Federally administered sample-based assessment in reading, mathematics, science, and writing. NAEP results inform state-by-state comparisons rather than individual student or school accountability.

When given:
biennial in winter
Frequency:
every two years
Official source
Common Questions
  • What does social studies look like this year?

    Students explore four big areas: how government works, how money and choices work, how to read maps and understand places, and how the past connects to today. Most lessons connect these ideas to Delaware and to students' own communities.

  • How can I help my child get more out of social studies at home?

    Talk about what they learned at dinner and connect it to real life. Point out a mayor's name on the news, look at a map before a road trip, or talk about why a family chose one purchase over another. Five minutes of conversation makes the classroom lessons stick.

  • What should students understand about government by the end of the year?

    Students should be able to name the three branches and explain that government works at city, state, and national levels. They should also describe basic rights and responsibilities of citizens, like voting, following laws, and speaking up about issues that matter to them.

  • How do I sequence the four strands across the year?

    Many teachers anchor the year in geography and community first, then move into history, government, and economics as students build vocabulary. Pulling Delaware examples through every strand keeps the content concrete and gives students something to return to.

  • My child says social studies is boring. What can I do?

    Pick one topic they mentioned and find a short video, a library book, or a local place to visit. A trip to a state park, a historical marker, or even the grocery store can turn a textbook idea into something real. Curiosity grows when the topic feels close to home.

  • Which skills usually need the most reteaching?

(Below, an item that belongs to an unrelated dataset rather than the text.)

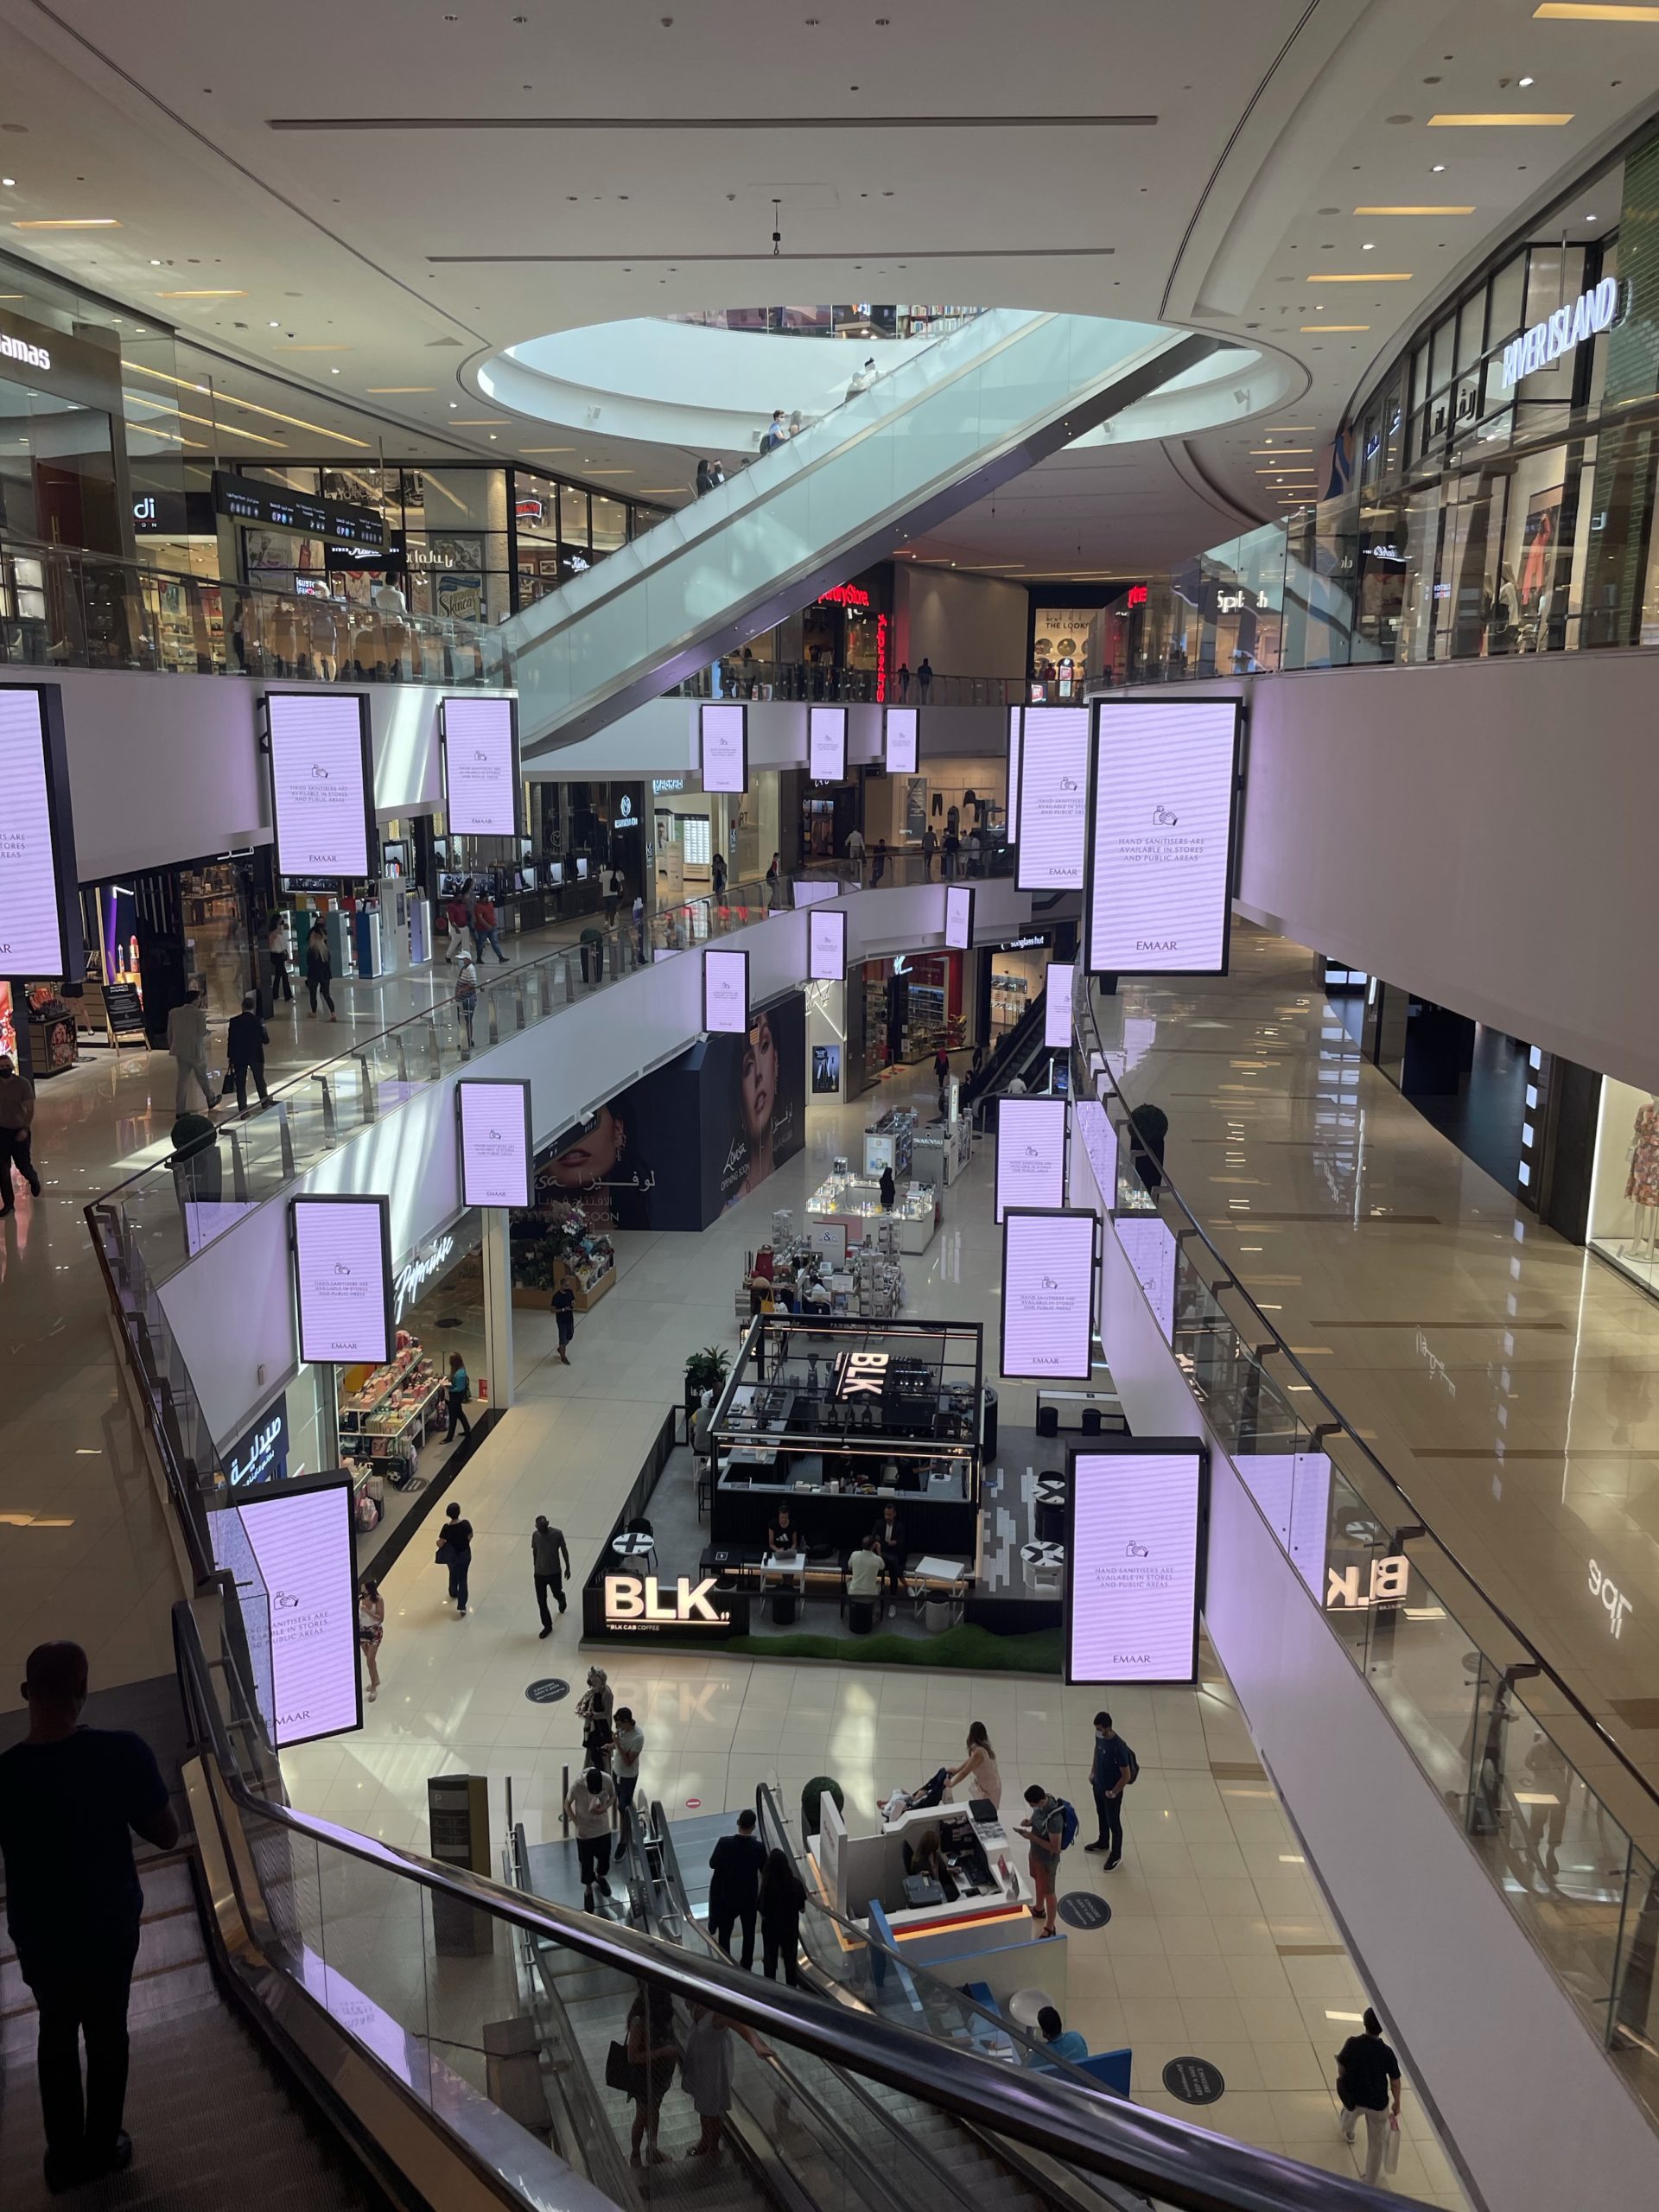 Vue de l’intérieur du plus grand centre commercial du monde : le Dubai Mall. Vue de l’escalator.

    Map skills and chronological thinking tend to need repeated practice. Reading a legend, understanding scale, and ordering events on a timeline are harder than they look. Short, frequent practice works better than one long unit.

  • What does economics mean for an eight-year-old?

    At this age, economics is about choices and trade-offs. Students learn that they cannot have everything, that prices and supply affect what people buy, and that saving and spending are real decisions. Letting kids help plan a small purchase at home reinforces the same ideas.

  • How do I teach primary sources to students this young?

    Start with one short, visual source: a photograph, a letter, an old map, or an object. Ask what they notice, what they wonder, and who might have made it. Building this habit early pays off when sources get harder in later grades.

  • How do I know if students are ready for next year?

    By spring, students should read a basic map, place events in order on a timeline, explain why people make economic choices, and describe how local and state government affect daily life. They should also be able to back up an idea with something they read or saw.